Apromore is an open and extensible repository to store and disclose business process models of a variety of types and languages, such as BPMN, eEPCs, BPEL, YAWL, Workflow nets. Beyond that, Apromore provides state-of-the-art features to facilitate the management of large process model collections. These features can be classified according to four broad service areas:
- Evaluation, concerned with establishing the adherence of process models to various quality notions. It will be possible to evaluate process models with respect to correctness criteria (syntactic quality), to usability issues such as understandability and maintainability (pragmatic quality), or assess them against well-know benchmarking frameworks.
- Filtering, offering capabilities to determine similarities between processes. This is an essential task as part of the increased focus on services that can be re-used in multiple processes (e.g. fraud detection in multiple claims processes). It will be possible to check the conformance of a process model to given industry standards, represented in the form of reference models or business patterns for specific domains (e.g. approval), and to track extensions to a model over time and their relations with the originating reference models.

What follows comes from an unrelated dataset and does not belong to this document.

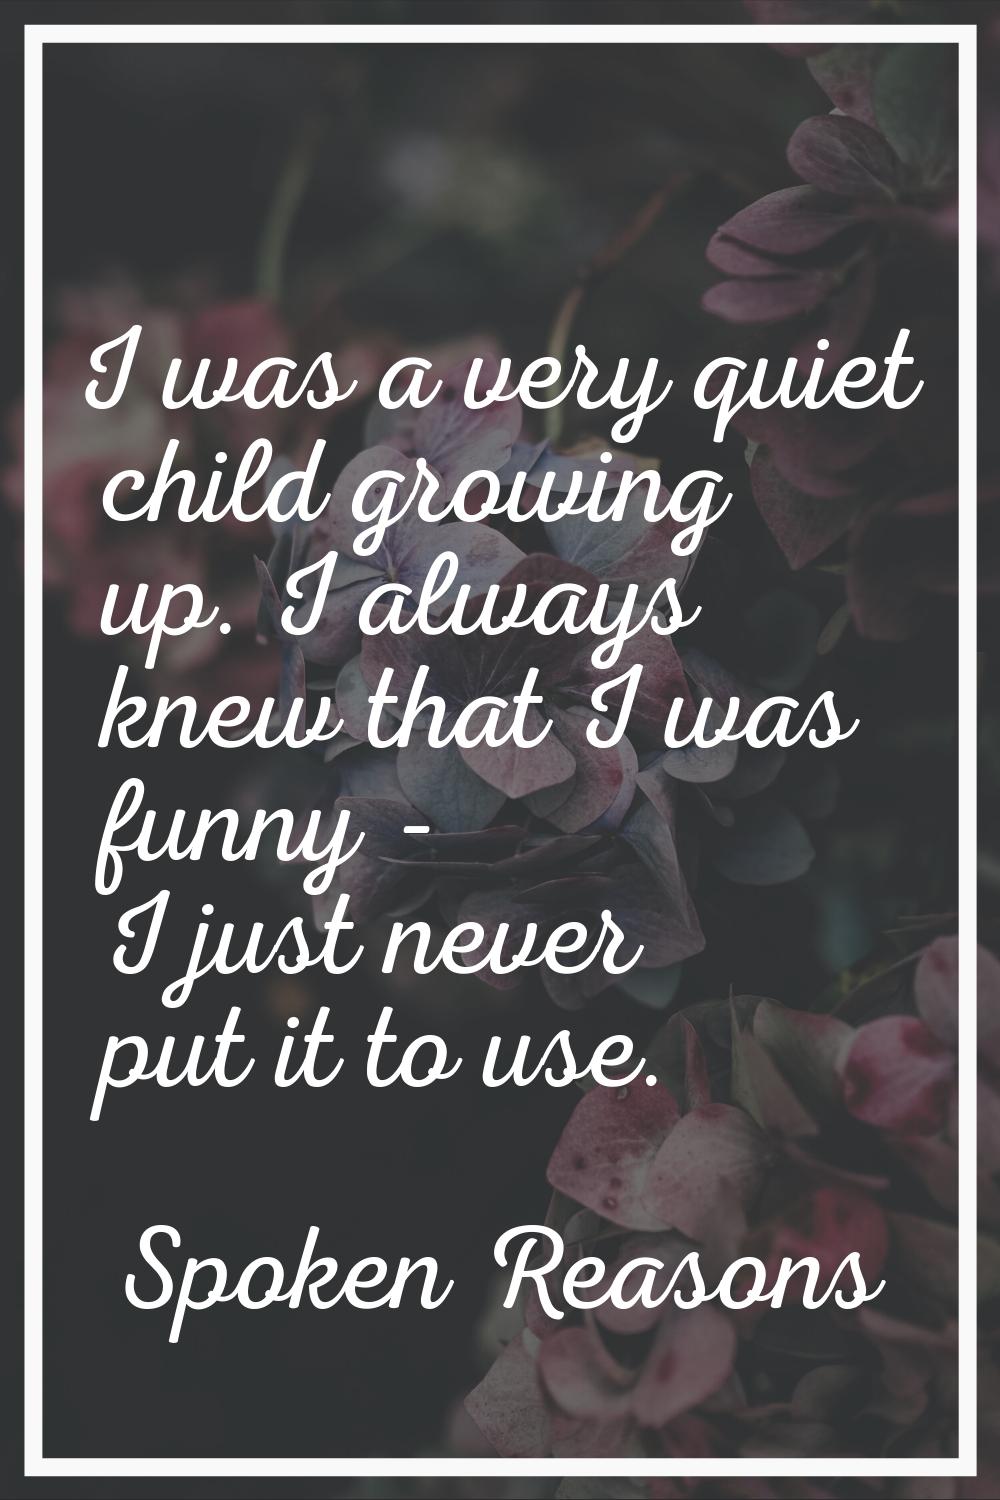 I was a very quiet child growing up. I always knew that I was funny - I just never put it to use.

- Clever Design, supporting the creation, modification and completion of process models, on the basis of existing content. For example, it will be possible to individualize a reference model to a specific context, such as a new organization or project; to create a new process model from the merge of a collection of similar models (e.g. as part of an integration project that results from a merger or an acquisition); or to complete a process model based on a collection of business patterns.
- Presentation, providing support for improving the understanding of large process models and collections thereof. For example, it will be possible to highlight the most followed process flow depending on the user context, or zoom out from a process model while abstracting away irrelevant details. Moreover, advanced reports on process model statistics, such as number of users and density of decisions, will enrich the more traditional visual representation of process models.